The Problem with Scarcity (or Does Scarcity Rule All?)

I’ve recently heard several people talk about scarcity. In particular reference to scarcity of money. And how, if we can get beyond scarcity, there are greater possibilities on the other side. It occurred to me that scarcity can be applied to any resource or even basic human desire or need. So, I wanted to take a look at the most basic of human needs a la Maslow.

What does scarcity have to do with Maslow’s Needs Hierarchy? Just looking at the image one could argue that everything that we, as humans, do can be related to one of the needs – or scarcity within that need.
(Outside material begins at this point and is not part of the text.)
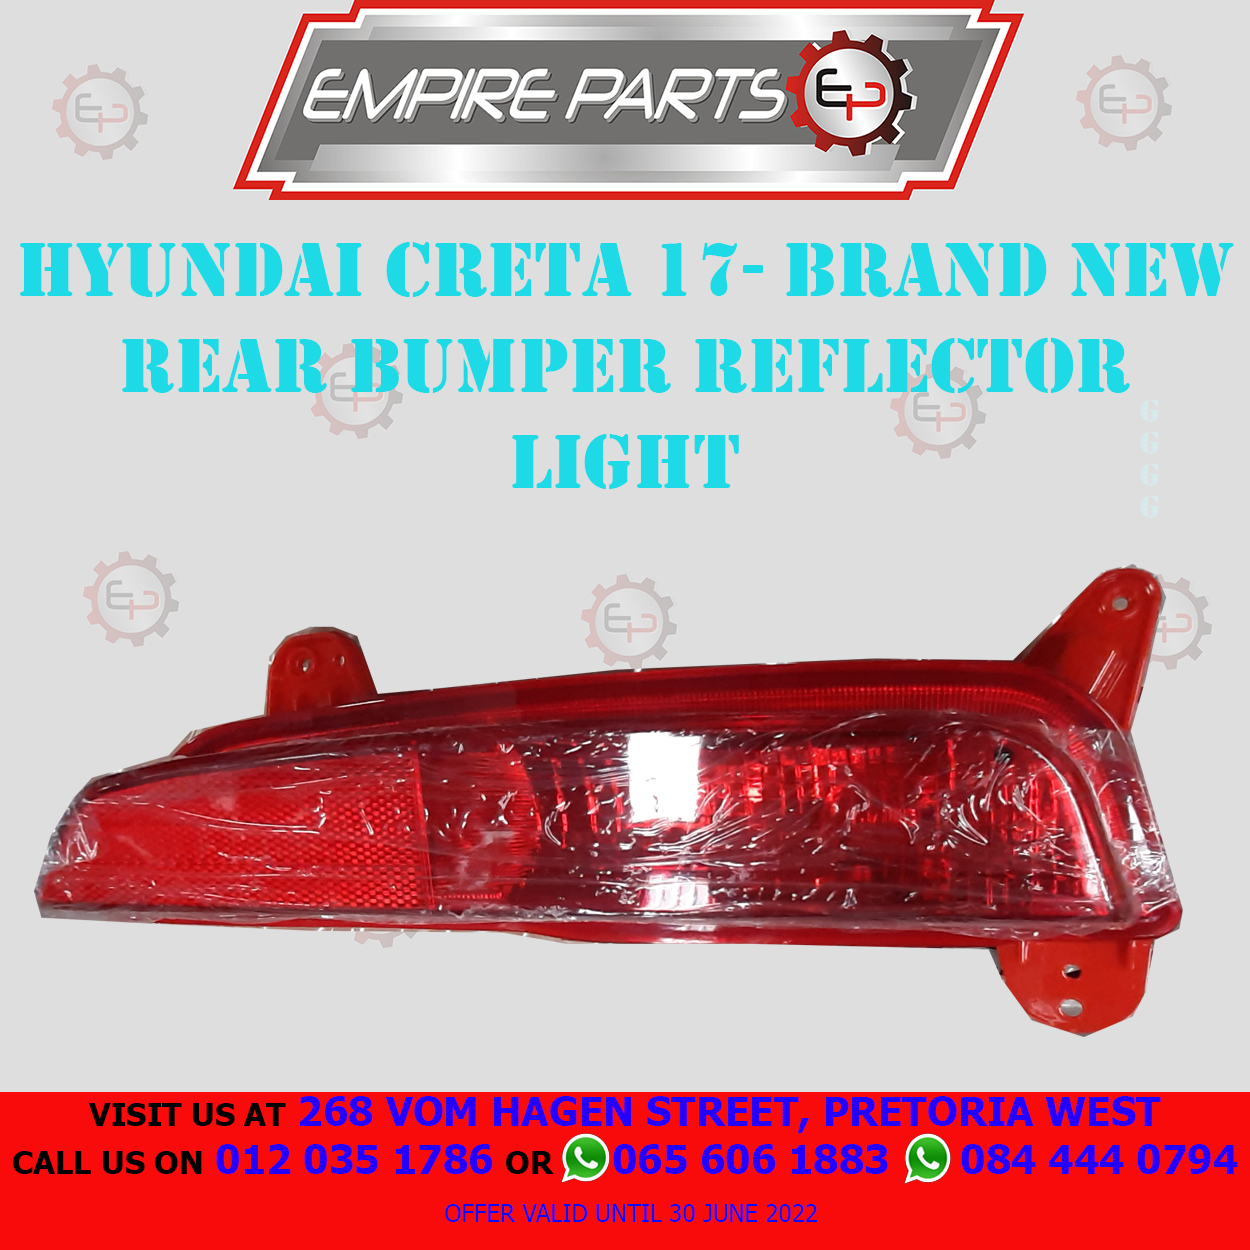 Hyundai creta 17- brand new rear bumper reflector

If there is scarcity, that is what we pursue – that is what is most important to us - hence, the widely accepted hierarchy. At level one – “Psychological”, if you don’t have food, water or enough sleep – aka there is scarcity – that is what you need. Once that scarcity is reduced or eliminated you look to the next level – “Safety”. You then look at the scarcity there and so forth and so on. Personally, my only issue with this hierarchy is the placement of “Love/Belonging” before “Esteem”. I believe that the scarcity in “Esteem” needs to be eliminated before you can truly and permanently eliminate the scarcity in “Love/Belonging”. I digress – that’s a topic for a later post.

What was really impactful in my analysis of scarcity was how prevalent scarcity IS in my own life. Not in the traditional sense of something being missing or a need not being met, however. By all accounts, I’m kicking Maslow’s Needs Hierarchy’s ass! But behind the curtain – scarcity rules all.
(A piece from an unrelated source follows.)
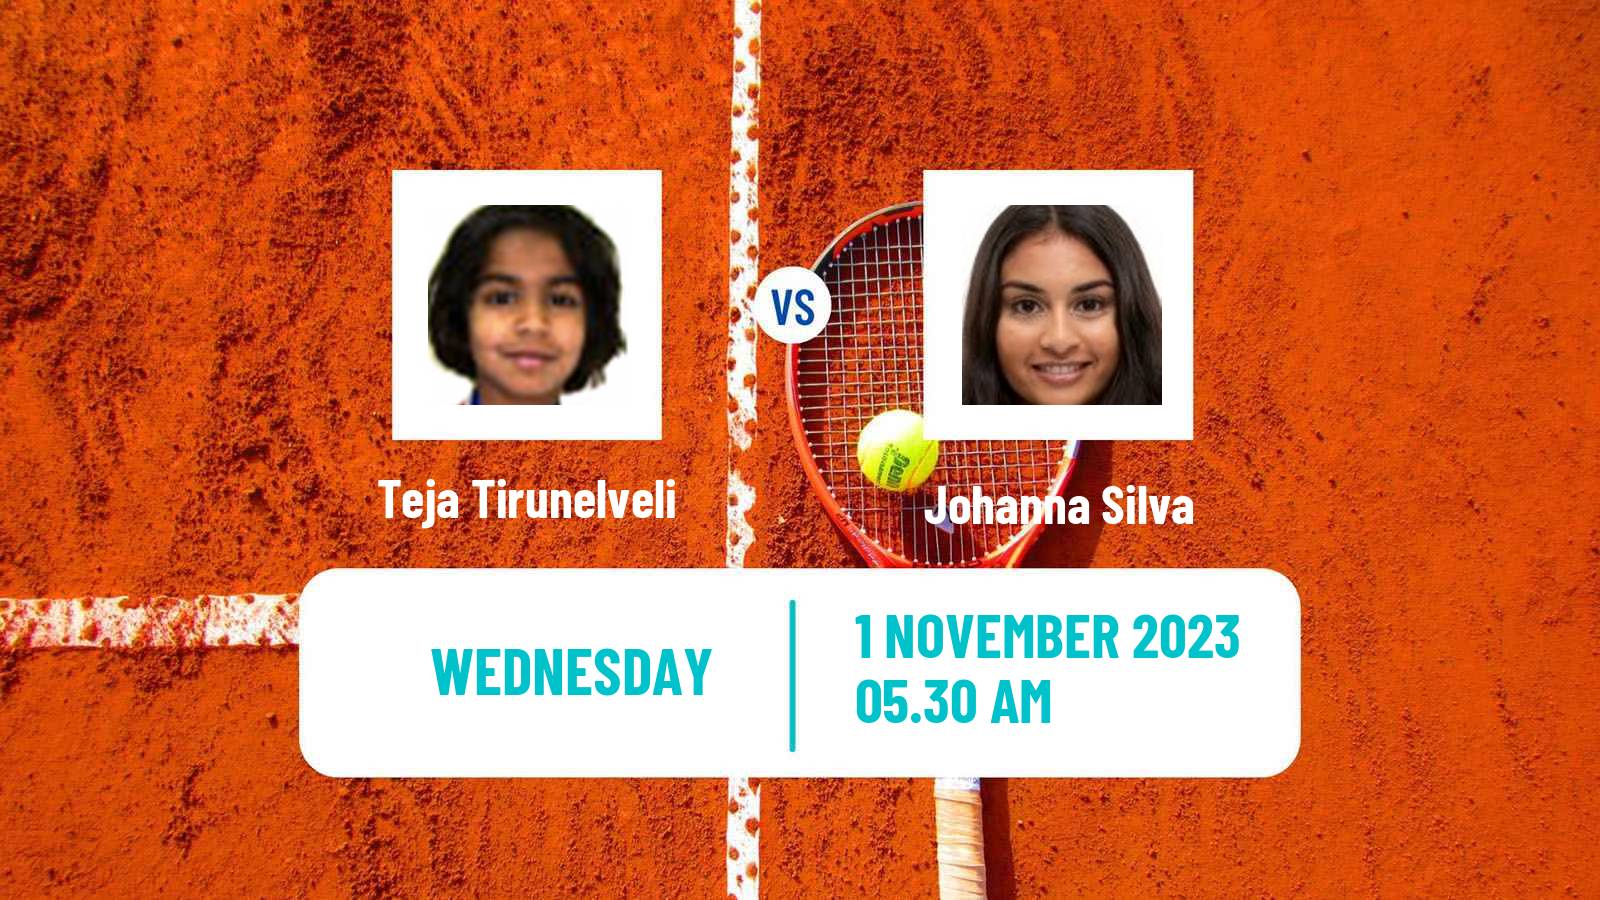 Tennis ITF W25 Monastir 4 Women Teja Tirunelveli - Johanna Silva

It’s no secret that I grew up without a lot of things – you could say that money was scarce. So, much of how I operate now is based on that prior scarcity. I learned many things from the scarcity of money and things: pride, creativity, connection, self-confidence, respect and trust (among others). All of these things are positive – at least to me they are – and I want my kids to learn these things too, however, the only way that I know how to deliver them is through scarcity! I, at one point, created scarcity for my kids on general principle. It wasn’t an issue of being able to do something or having the resources to do it – it was a matter of the lesson and not the scarcity itself.
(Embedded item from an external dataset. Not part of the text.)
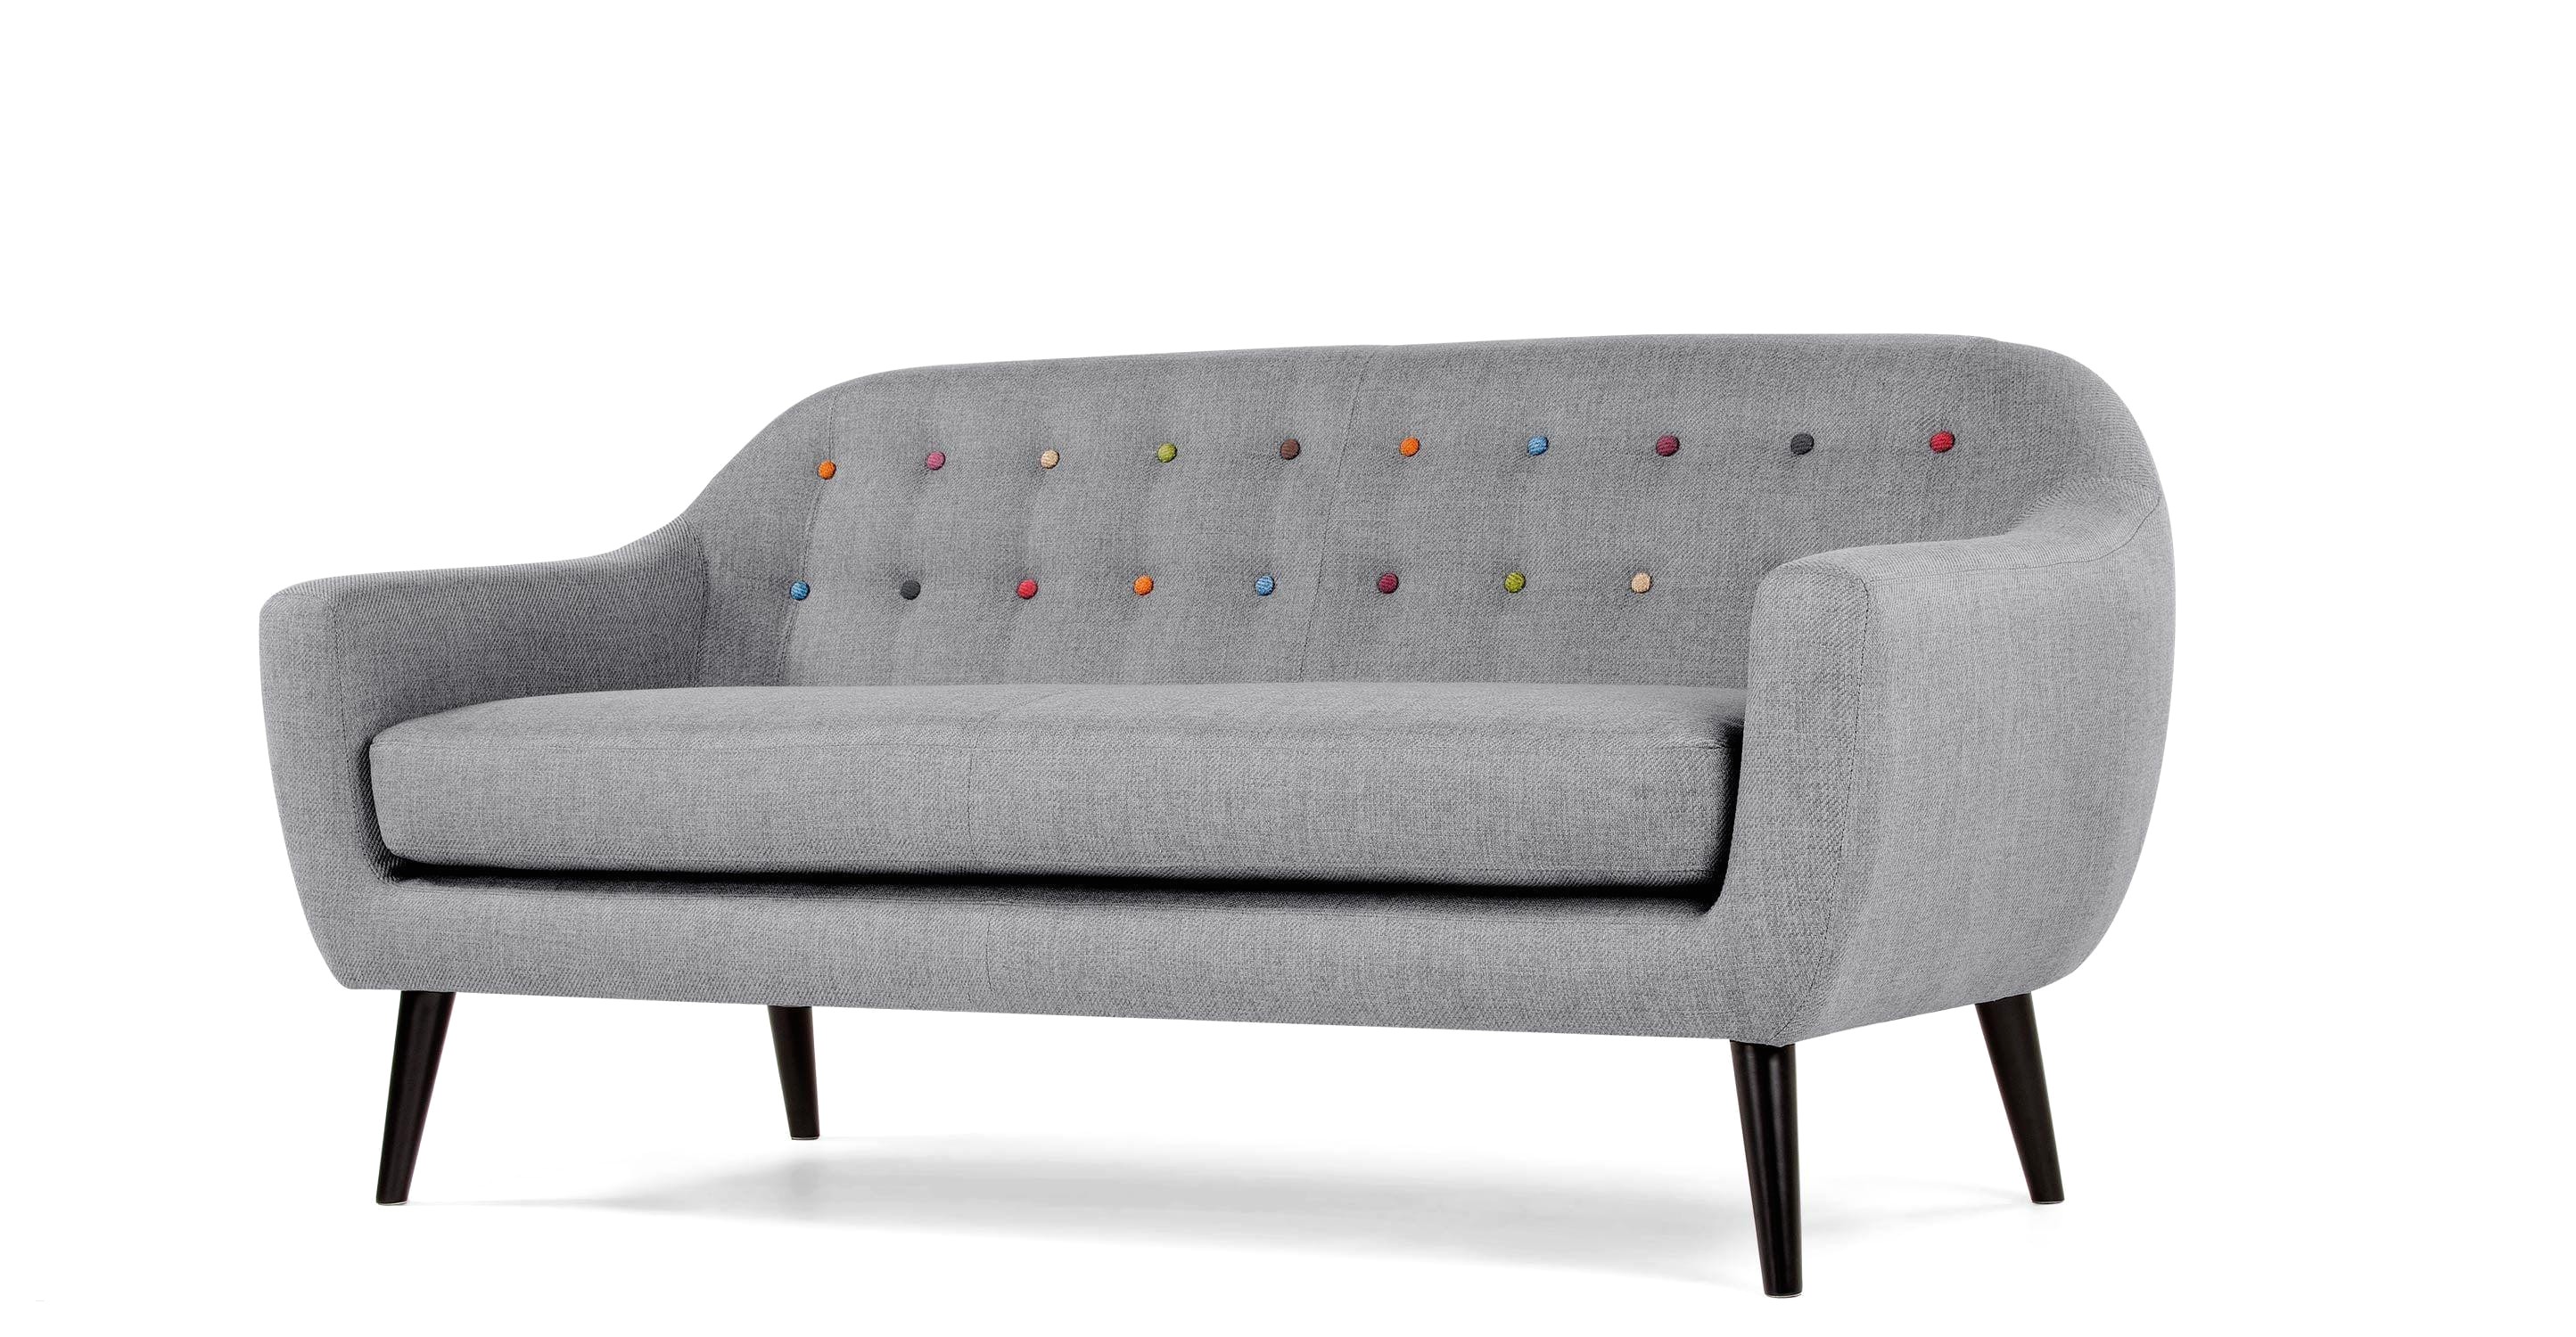 Sleeper sofas at Macy S 50 Best Of Macys Sleeper sofa Pictures 50 Photos Home Improvement

For example, on a typical family winter outing – I was not the dad that would herd everyone to the hot chocolate line for an over-priced cup of chocolaty goodness. My kids didn’t need that anyway – we had it at home. What I was missing was being in the moment – that single point in time that may have been enhanced by a cup of hot chocolate. My fear was that my kids would not appreciate it – it would be expected. My fear was that they would become: spoiled, entitled, unappreciative, and soft. All the things that I managed to avoid because of scarcity.

Scarcity has also led to the way I relate to and judge others. “Rich people can never be poor”, is a classic quip that I like to use when judging others. When the stock market plummets or some other tragedy hits involving the loss of assets - somewhere in the world there is someone of privilege taking their own life – they couldn’t handle the instant scarcity. They never had to develop the skills and coping mechanisms to navigate scarcity. It wasn’t until a friend and fellow coach asked me, “Where do you deny your privilege?” The question intrigued me – because I did deny my privilege or current lack of scarcity! Answering that question led to this post and a whole host of other questions.

What I came to realize is that scarcity is everywhere – in multiple forms. It affects people differently. Scarcity creates division, yet at the same time it can forge bonds. Think of the numerous internet videos of a homeless person sharing a fast food sandwich. You know, the ones where someone asks multiple people for food – people of privilege – people that apparently aren’t affected by this particular scarcity – and they all say “no” or ignore the request. Then the subject asks a homeless person for food and they share whatever they have. I contend that because the homeless person understands the scarcity involved in the request, they are more prone to help eliminate the scarcity, if only on a temporary basis. Division and bonding all wrapped up nicely in a 1 or 2 minute video.

While scarcity may be deeper and broader than a simple blog post – it does raise some interesting questions and perhaps some more interesting insights. My question for you is, “what role does scarcity play in your life?” In what forms does scarcity take for you? And perhaps a better question – “what are you going to do about it?”